Pain and Chronic Pain

Pain is always unwelcome but it does have a purpose as a short-term hazard warning.

If we were unable to feel pain we’d be in trouble. Pain is a useful call to action which is important for learning and survival – like the pain of treading on a pin or touching something hot.

“Acute” pain is what we call this short-term pain. It doesn’t describe the intensity, just the quick onset and short duration.

“Chronic” pain often describes ongoing pain that has failed to stop at the right time when its usefulness as a signal is over.

Obviously there are conditions and illnesses that themselves are ongoing and long-term pain is then part of a continuing unwellness. But chronic pain after musculoskeletal injury may often persist because the sensitivity and volume remain turned up beyond “normal tissue healing time”.

In chronic pain, it is believed that two different types of pain fibre which carry signals to the brain either stay permanently switched on or have their volume turned up in error and stick that way. These signals trick the brain into believing there is still ongoing damage and vulnerability in the body when this is not true.

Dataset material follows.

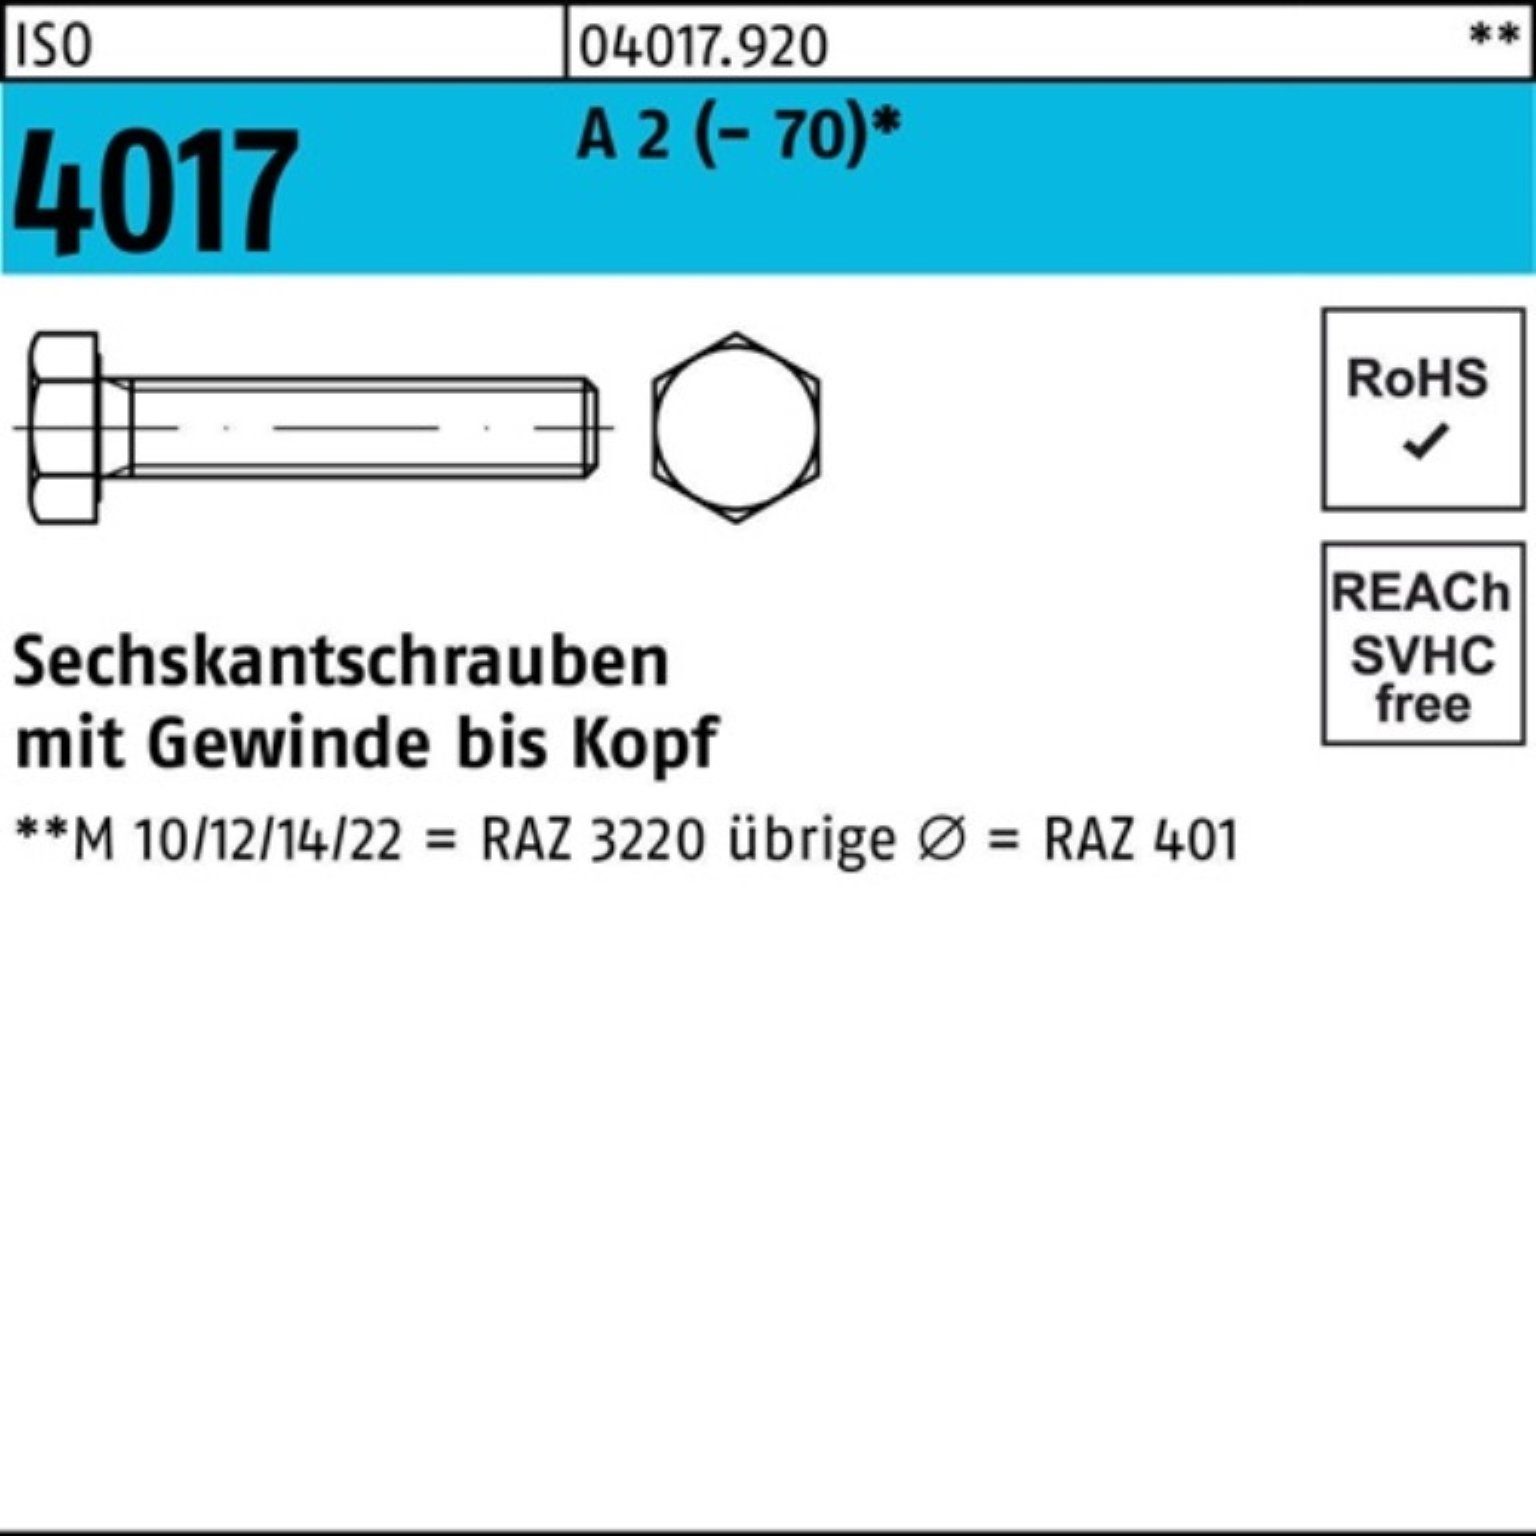 Bufab Sechskantschraube 100er Pack Sechskantschraube ISO 4017 VG M16x 25 A 2 (70) 50 Stück

For example in whiplash following car accidents there is a huge body of research that shows hurt is not the same as harm. This research found that the sooner people get going with normal activities after a whiplash injury, the sooner they recover from it.

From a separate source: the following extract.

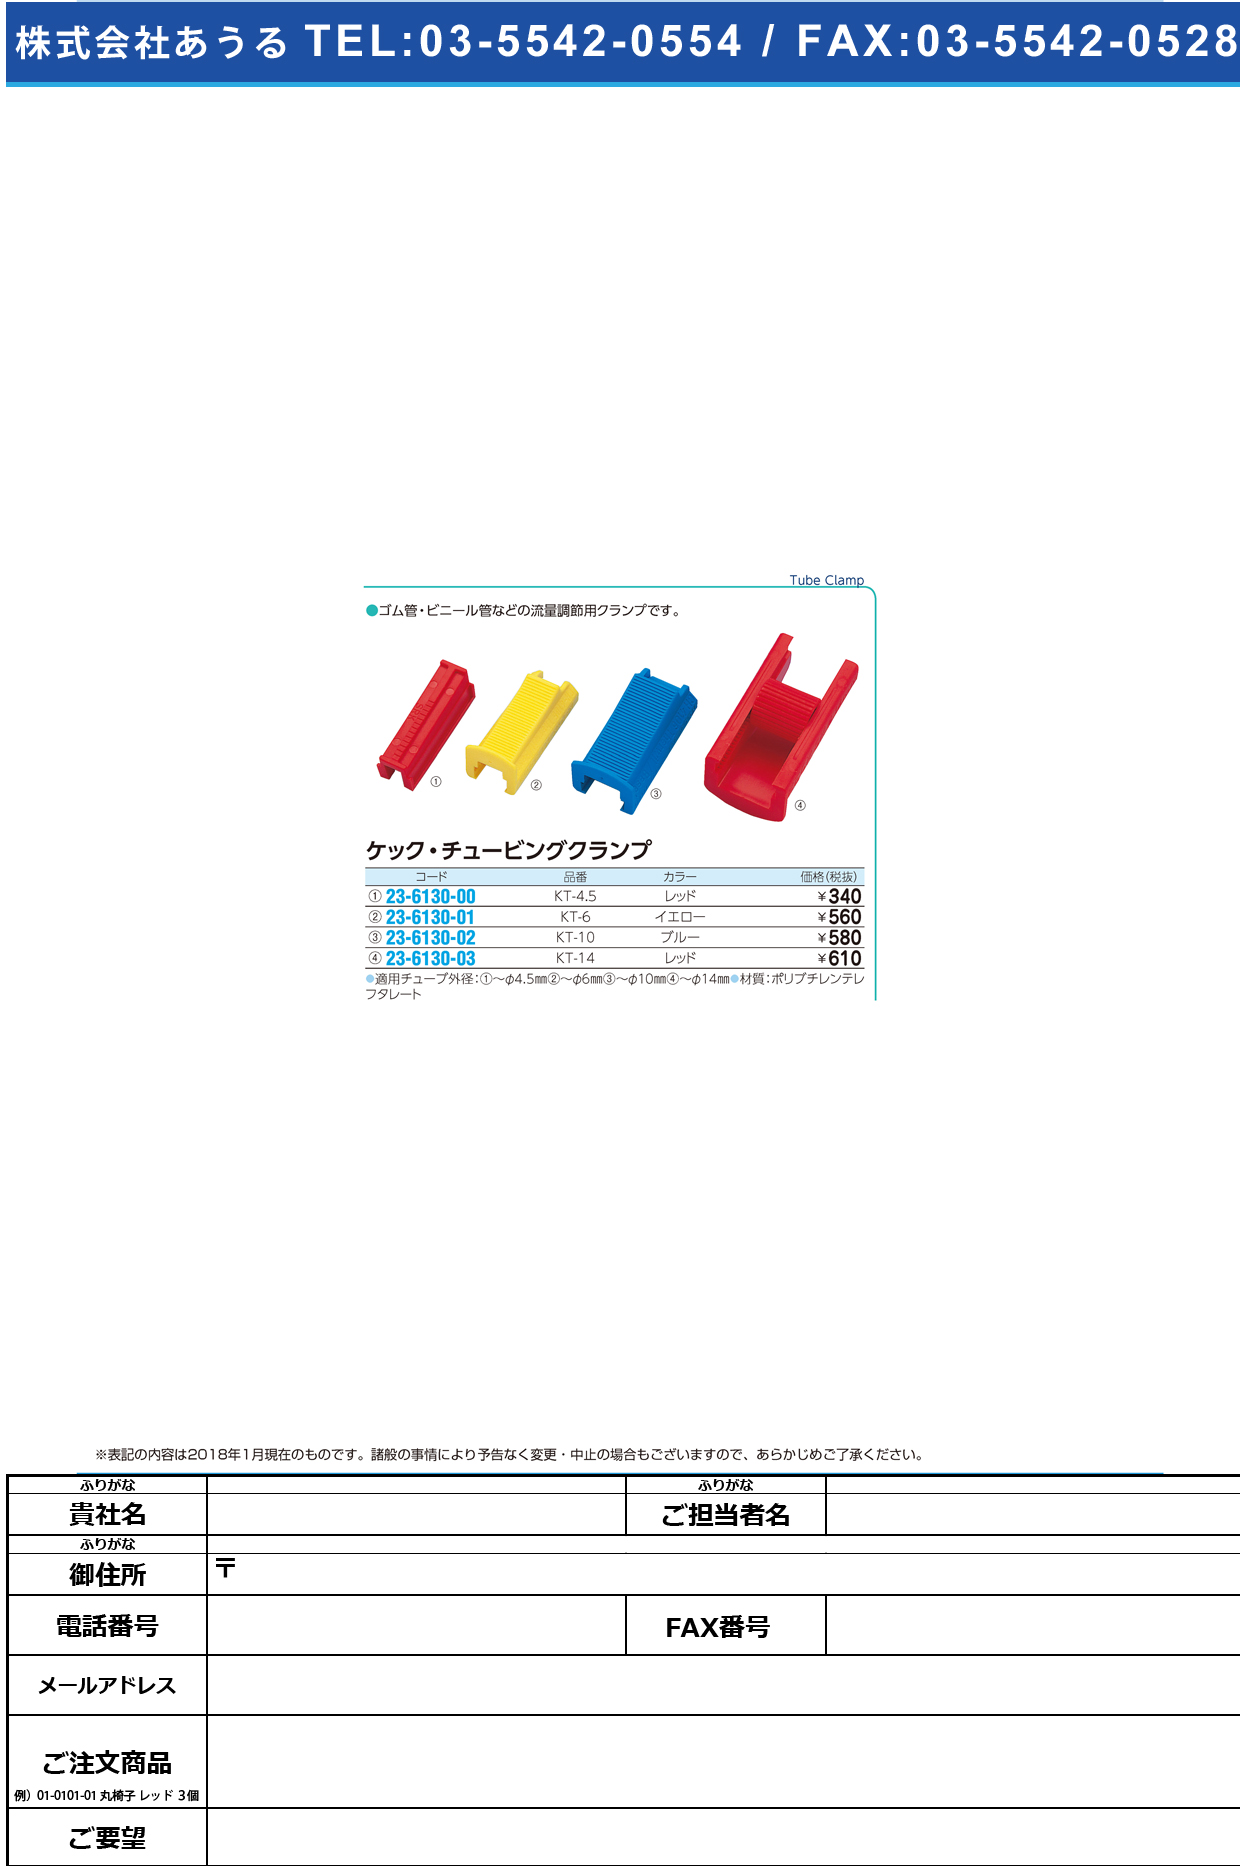 (23-6130-02)ケック・チュービングクランプ KT-10(ﾌﾞﾙｰ) ｹｯｸﾁｭｰﾋﾞﾝｸﾞｸﾗﾝﾌﾟ【1個単位】【2019年カタログ商品】

Pain is not a simple on-off switch that is felt identically by different individuals. Being anxious or sad about your pain really can make it worse. Emotions are like amplifiers in your brain which can turn the volume of pain up or down. So a first-aider reassuring a casualty or a soldier fighting for survival can turn this volume down. In the same way as someone who fears a trip to the dentist can unwittingly turn the volume up.

Chronic pain is one of the biggest health problems worldwide and some 20% of adults experience it. It can lead people to live defensively in fear of pain and to stop trusting their bodies even though it may just be a feedback fault.

Understanding the original cause and effect and any maintaining factors in chronic musculoskeletal pain can be a great first step towards getting out of this unhelpful state.